The sample project is a single loaded corridor with two typical unit types. Mapping out the parts will make it much easier on you and your design team when it comes to being productive. The figure below indicates the major components involved in laying out the model. This layout will require the creation of three drawing files. One file will be the Construct. This will house the shell walls, common walls between units, and will serve as a host for the other two drawing files. The other two files are the Elements. These will be the room configurations. Element “A” will be a mirror reflection of Element “B”.

Before we begin this journey, let’s review the Drawing Management process in AutoCAD Architecture. Step 1 is to create the project and set up levels and divisions. Step 2 is to model the building. Step 3 is to creating working reports of the building model. Finally, step 4 is to create the sheets for plotting. Part 1 of this tutorial will walk you through steps 1 and 2.

Step 1: Creating the Project

Create the Project

1. Open the Project Browser.

2. Click the New Project button.

3. Check the Create from template project box.

4. Browse to C:\Documents and Settings\All Users\ApplicationData\Autodesk\ACD- A2008
\enu\Template\Template Project (Imperial)\
and select Template Project (Imperial).apj.

5. Click the OK button to create the project.

6. Close the Project Browser.

The Project Browser palette will open.

Tip: Create template projects to jump start your project.

Set up the Project Levels  

1. Select the Project tab on the Project Navigator.
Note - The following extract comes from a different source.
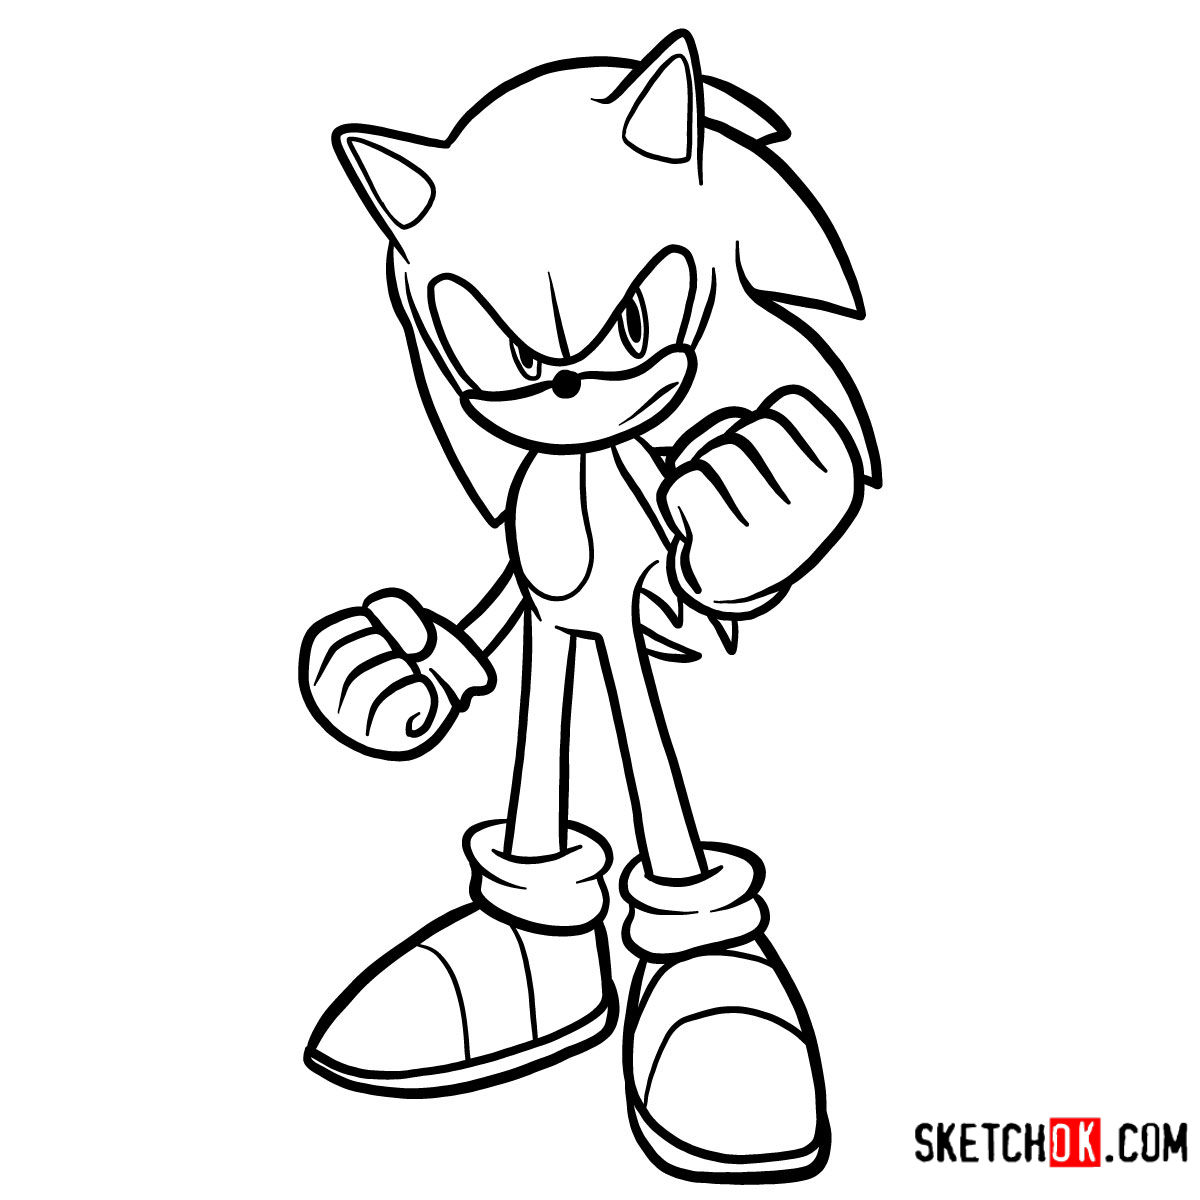 Best of Sonic the hedgehog pictures to draw
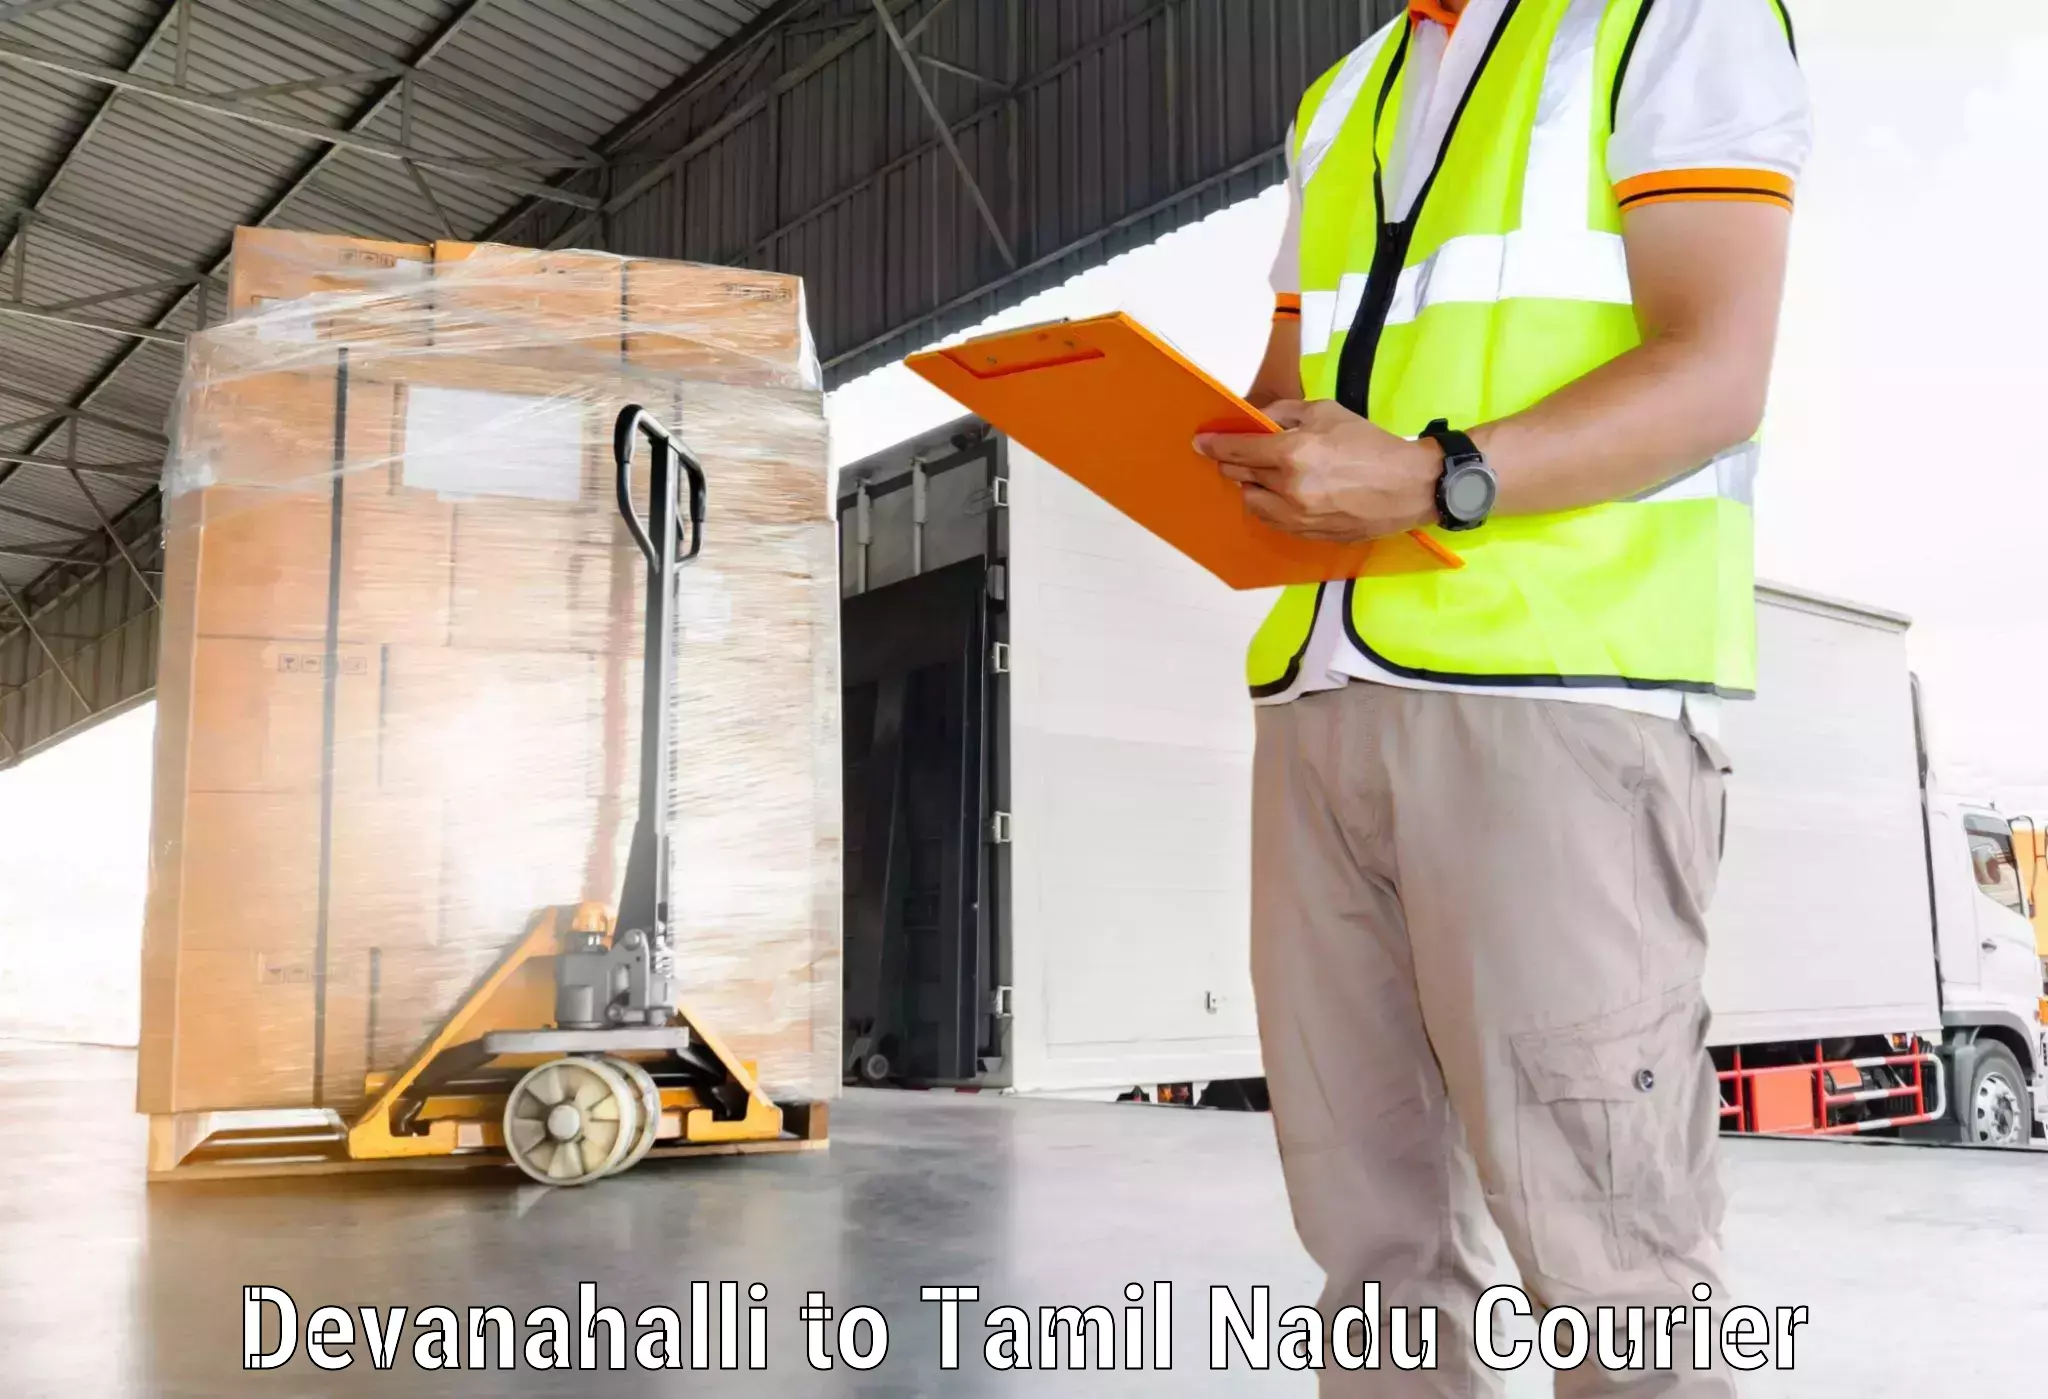 State-of-the-art courier technology Devanahalli to Sivakasi

2. Select the Edit Levels button.

3. In the Edit Levels dialog window, select the Description cell for Level 1 and enter First Floor.

4. Click the OK button to exit the dialog window.

Now the building is ready to be modeled.

Tip: Create a Level for every floor in the building. Include mezzanine levels, roof levels, and the like.

Step 2: Model the Building

Create a Construct assigned to the First Floor

1. Select the Construct tab on the Project Navigator.

2. Select the Construct category.

3. Click the New Category button.

4. Name the category “Shell Walls”.

5. Select the New Construct button.

6. In the Add Construct dialog window enter “01 Shell Walls”.

7. Under Assignments, check the box for Level 1.

8. Click the OK button to complete the creation of the construct.

Tip: Create categories to help manage the various drawing files of the project.

Block out the Shell Walls Construct for Level 1

1. Double-click the 01 Shell Walls construct in the Project Navigator to open it.

2. Select the Wall tool on the Design tab of the Palette Set.

3. In the Properties palette enter 11’-0” for Base Height.

4. Create the layout shown below.

    • Magenta walls are Left justified.
    • Green walls are Center justified.

Tip: Create what is not redundant. The corridor, exterior, and common walls are unique.

5. Select the Door tool on the Design tab of the Palette Set.

6. In the Properties palette enter:

    1. 3’-0” for Width
    2. 7’-0” for Base Height
    3. Offset/Center for Position along wall
    4. 6”for Automatic Offset 

7. Add four single-hinged doors using the 6” offset as shown below.

8. Add three 6’-0” x 7’-0” double doors as shown below.

9. Select the Door/Window Assembly tool on the Design tab of the Palette Set.

10. In the Properties palette enter:

    1. 6’-0” for Length
    2. 5’-0” for Base Height
    3. Offset/Center for Position along wall
    4. 6”for Automatic Offset

11. Center four windows in each room on the lowest horizontal wall.

12. Mirror the windows to the top horizontal wall.

Lay the ground work for the Element  

1. Zoom in to the first room on the left.

2. Select the inner horizontal corridor wall and right-click.

3. Select Add Selected from the Context Menu.

4. Create a closet as shown below.

5. Add a 5’-0” x 7’-0” Bifold-Double door centered on the lower horizontal closet door as shown below.

6. Select the Space Generate tool on the Design tab of the Palette Set.

7. In the Properties palette enter:

    1. “Aec objects, lines, arcs, polylines, and circles” for Filter boundary set
    2. 1” for Ceiling thickness
    3. 3’-5” for Height above ceiling
    4. 8’-6”for Ceiling height

Tip:In Options on the AEC Object Settings tab, verify that the Automatically update associative spaces option is unchecked, for it could create problems downstream.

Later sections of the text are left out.